Exercise details>
All of the data, word for word and free of pictures, is the expected result.

Data shown>
▽

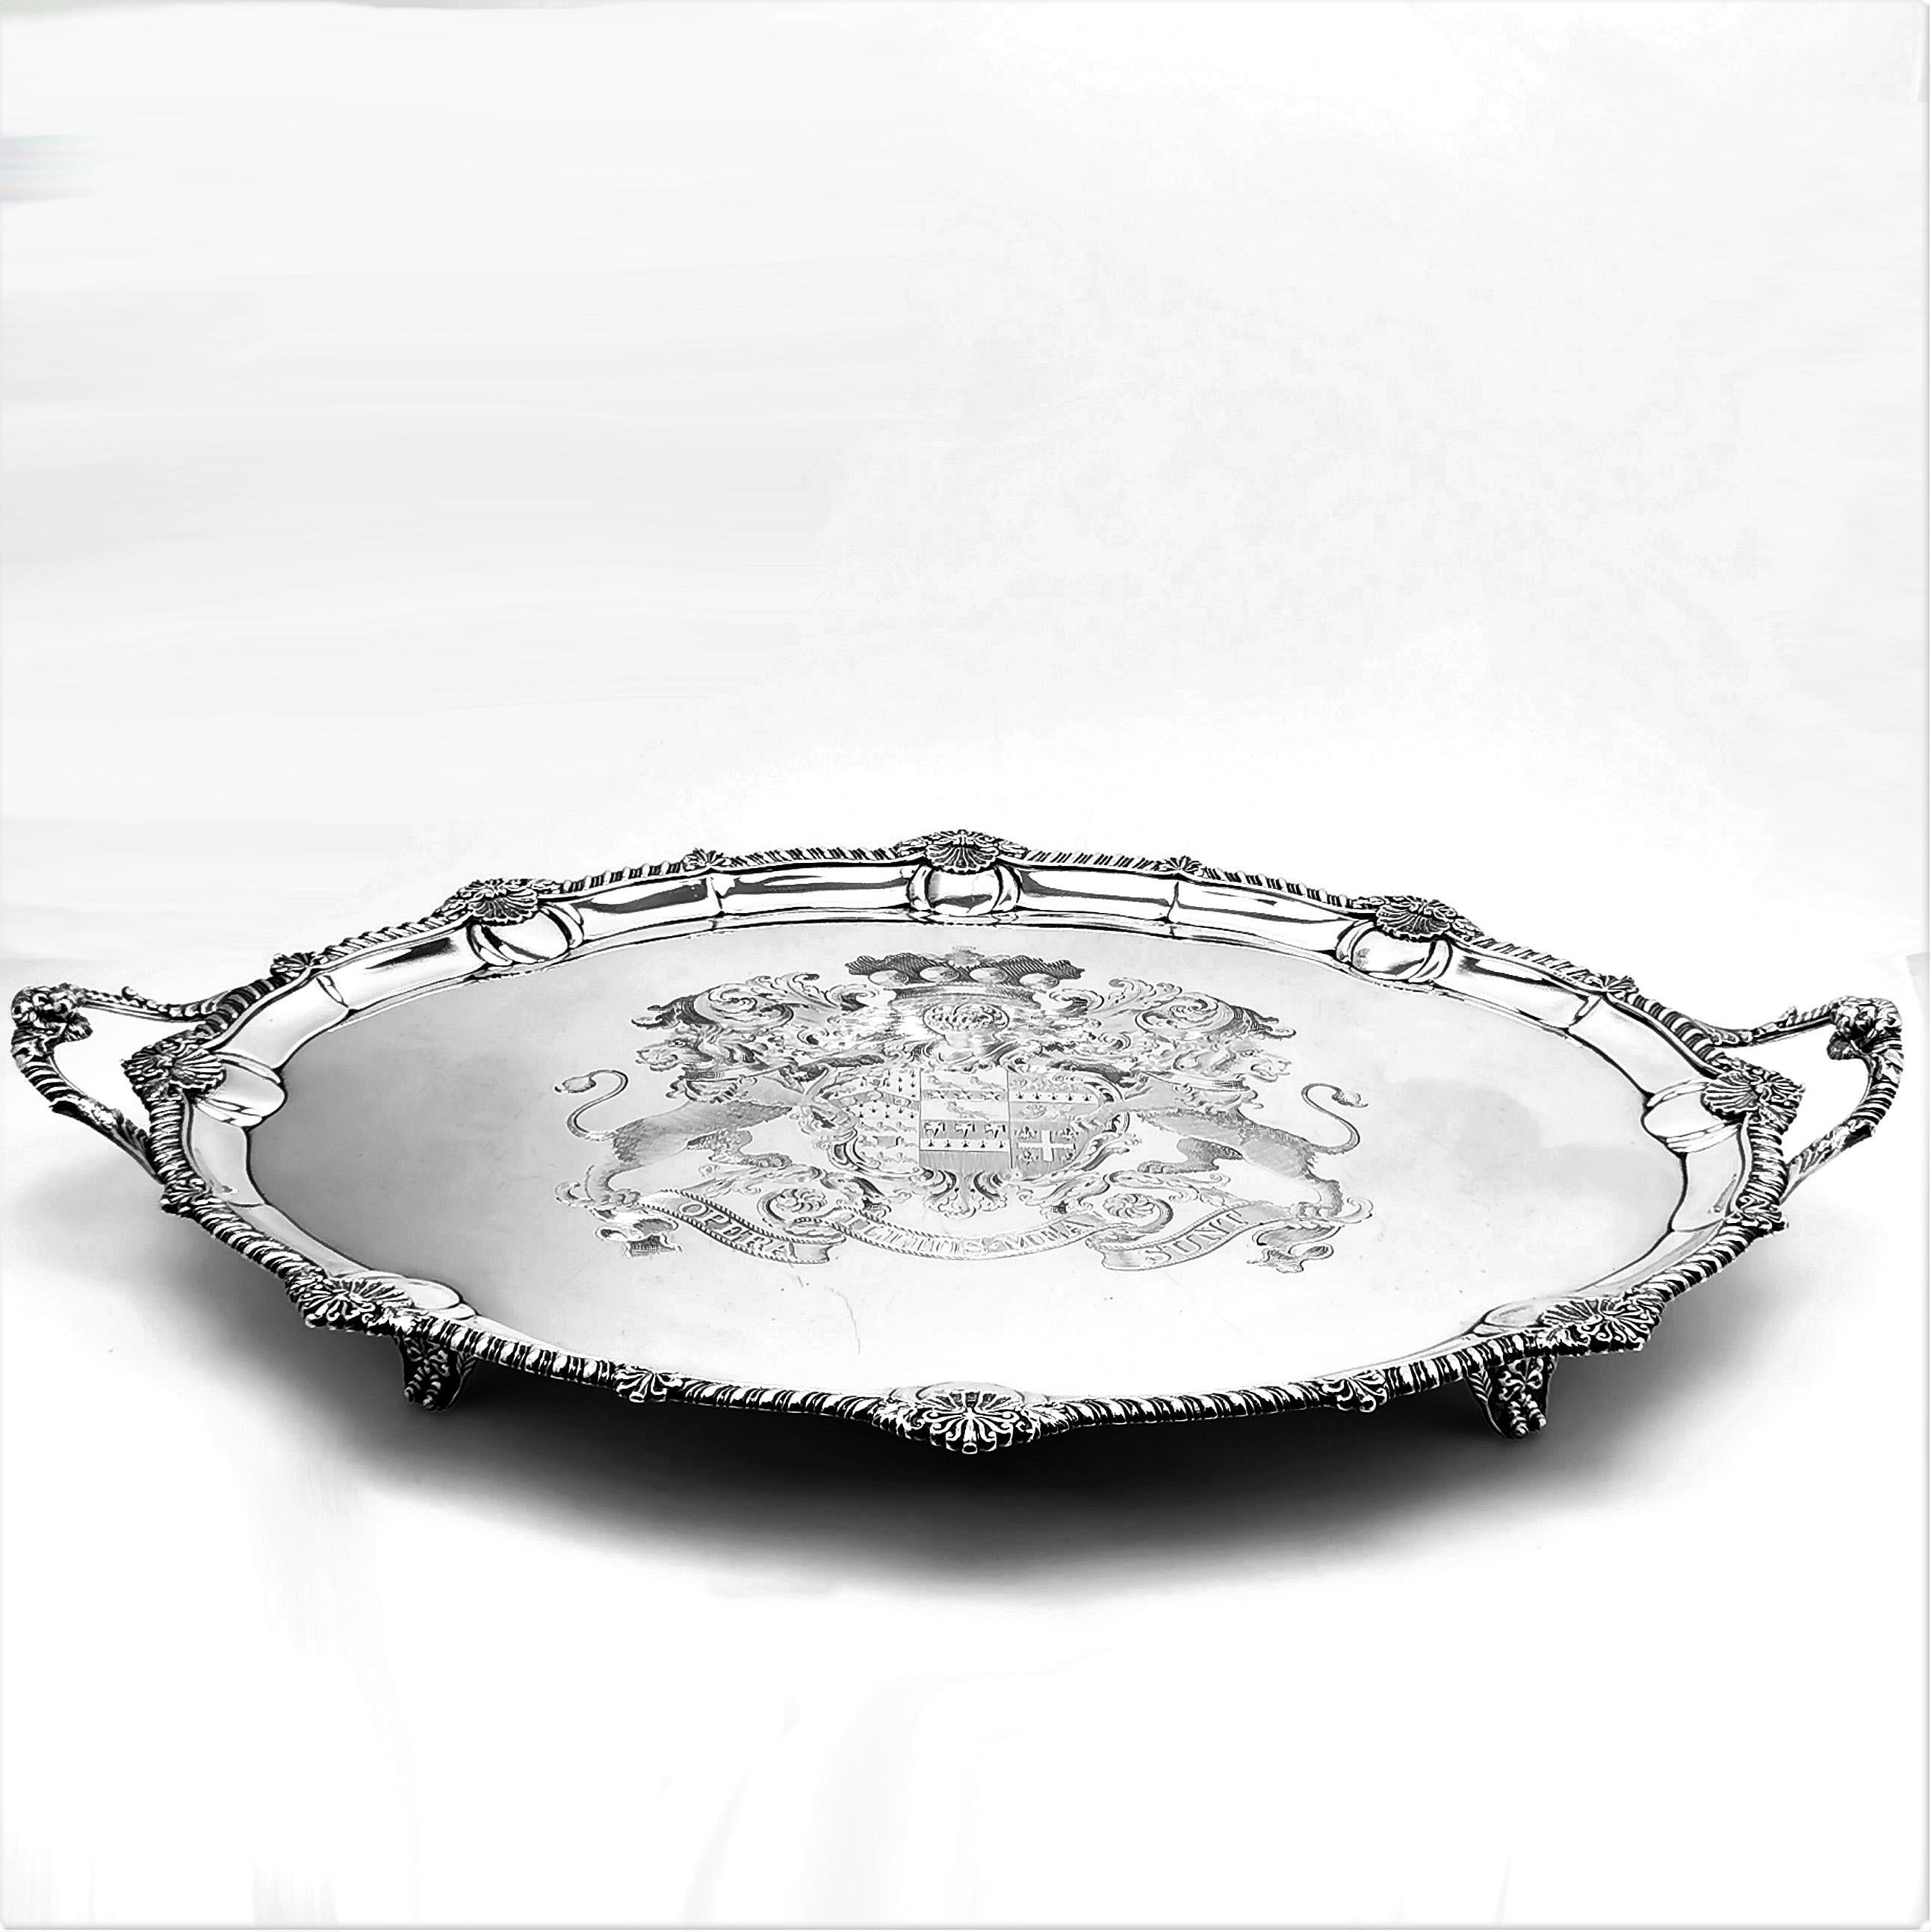 The Brownlow Tray 1809 Very Large Antique Georgian Silver Tray Serving Tea 1
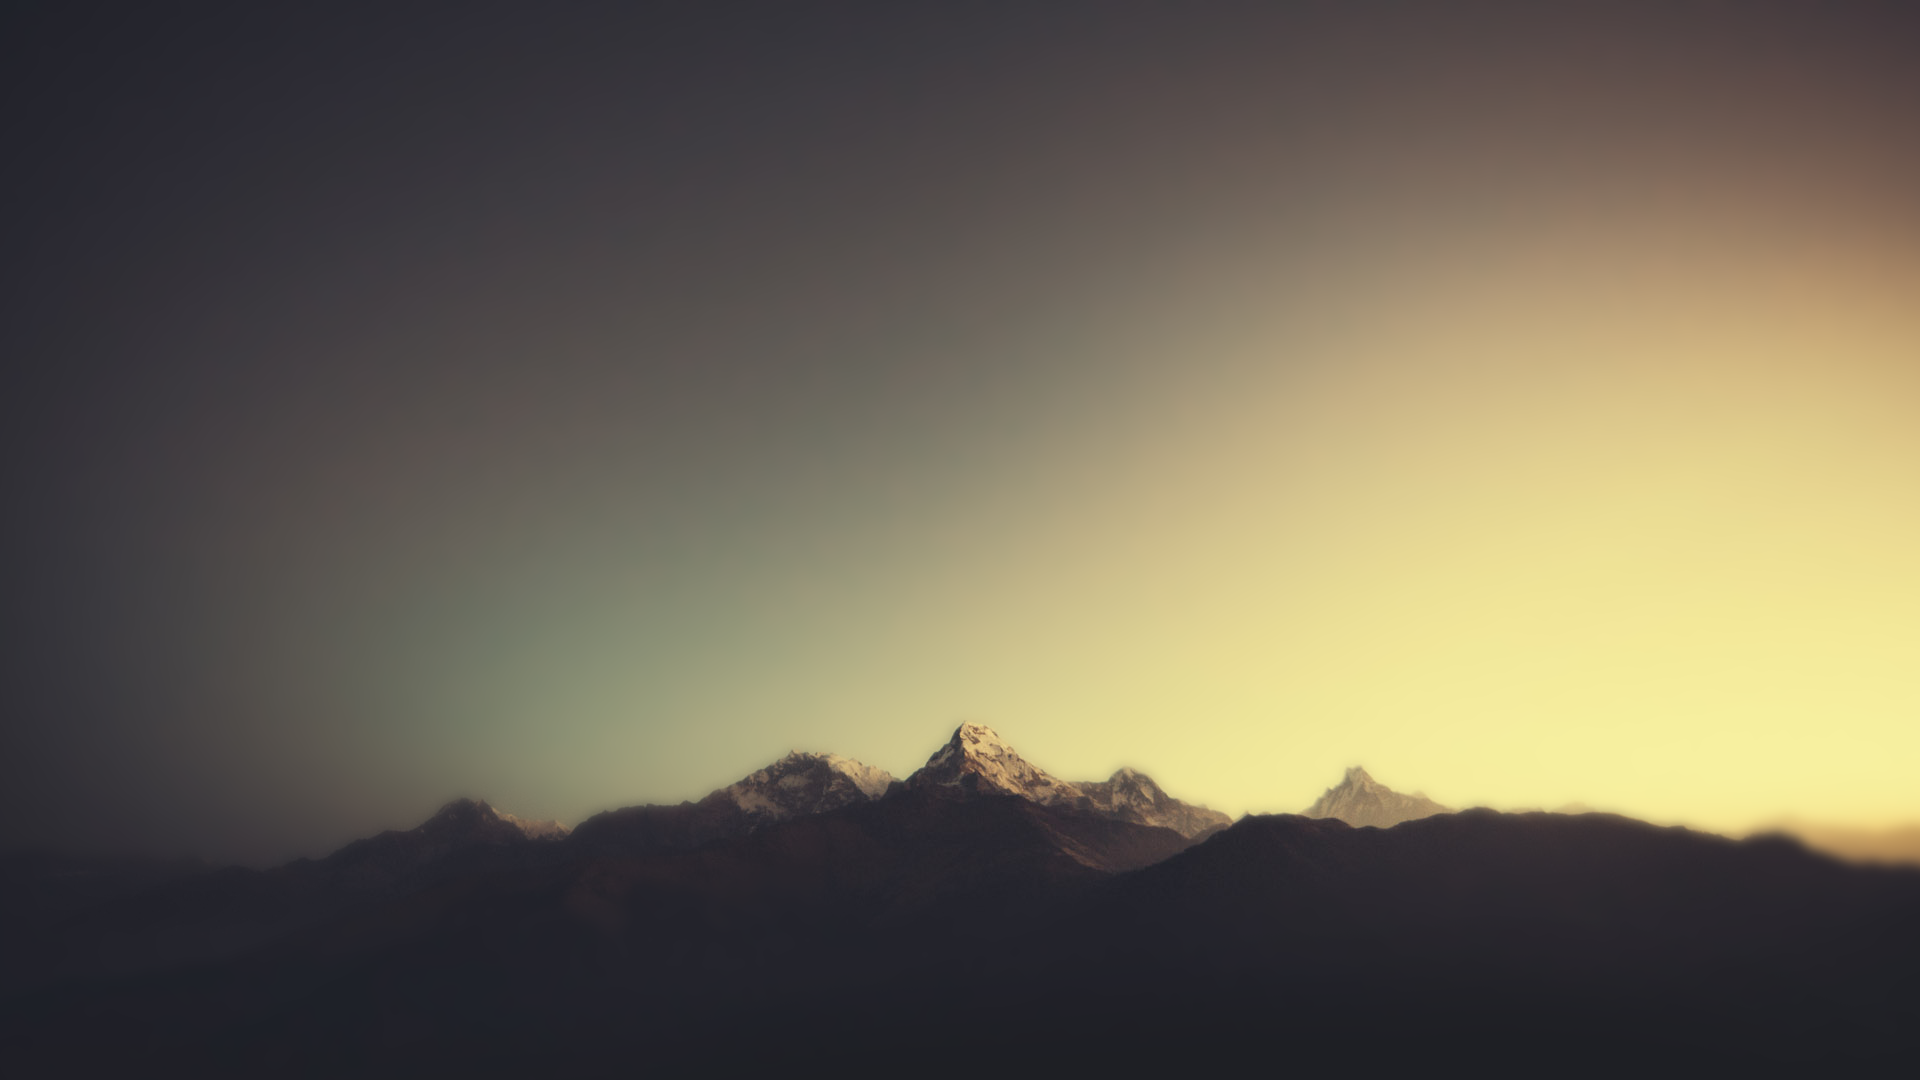 Landscape Mountains Painting Blurred Beige R B 1920x1080
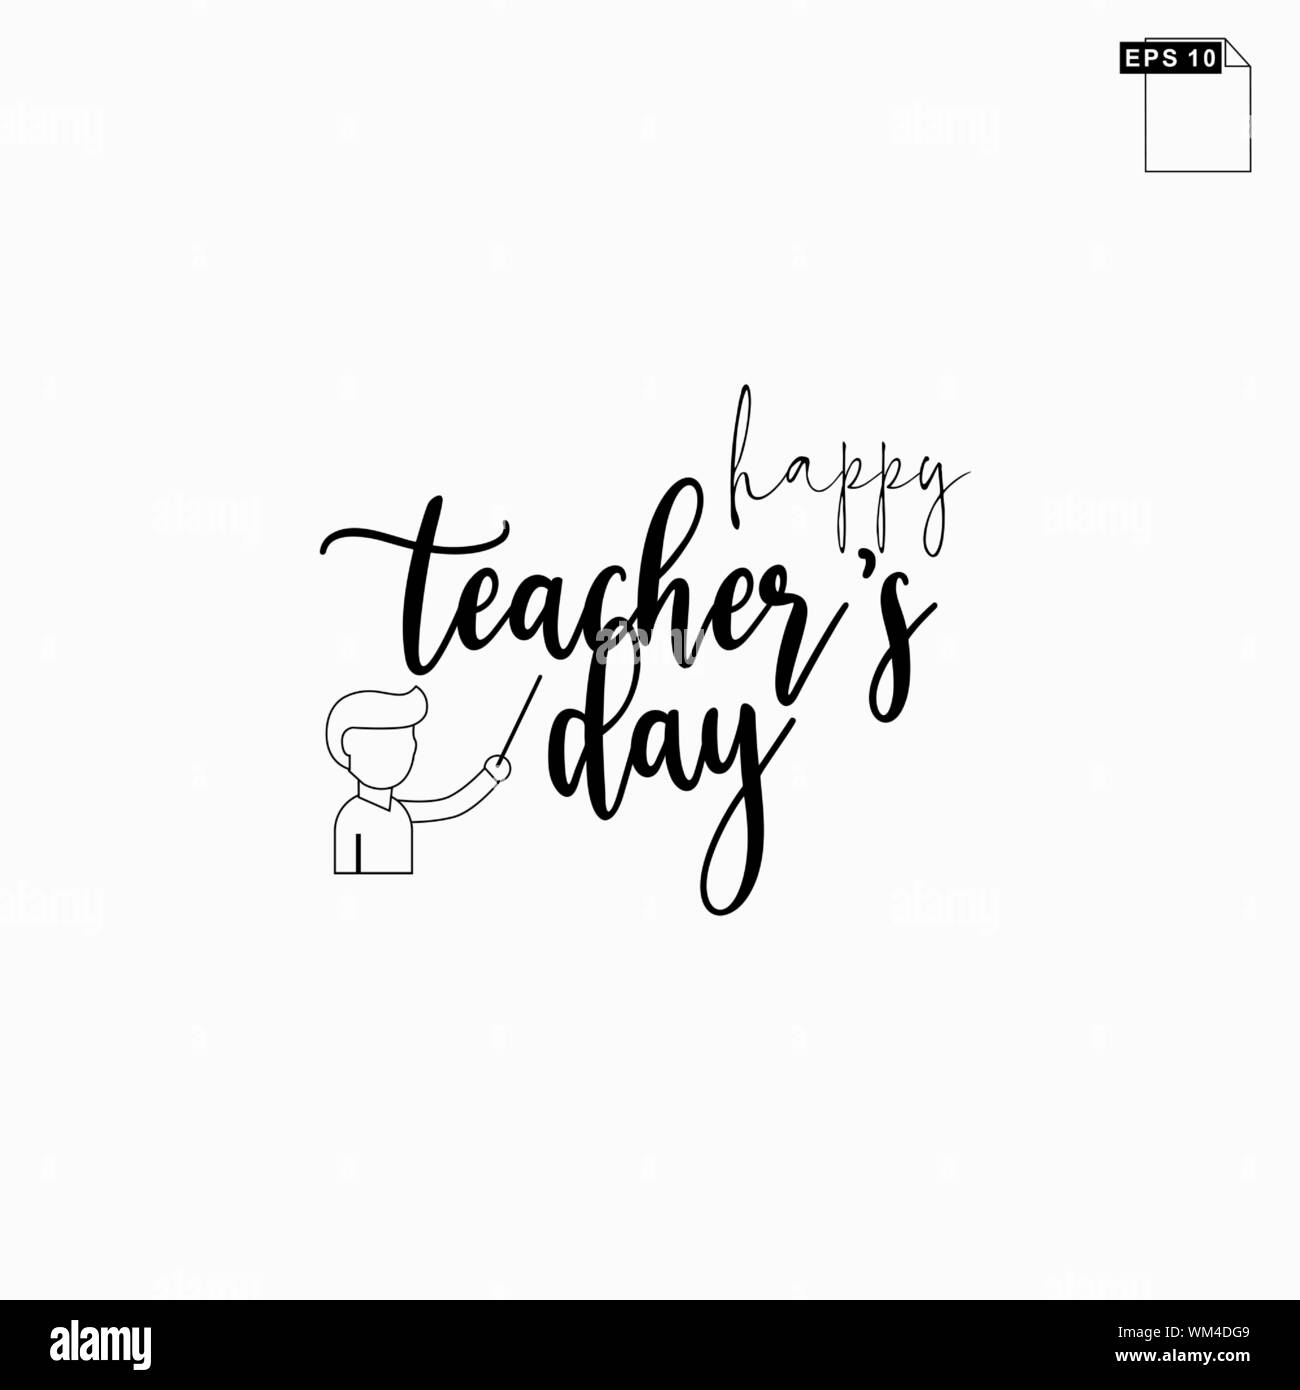 Happy teacher day Cut Out Stock Images & Pictures - Alamy

△

Result for this task>
 The Brownlow Tray 1809 Very Large Antique Georgian Silver Tray Serving Tea 1
 Landscape Mountains Painting Blurred Beige R B 1920x1080
 Happy teacher day Cut Out Stock Images & Pictures - Alamy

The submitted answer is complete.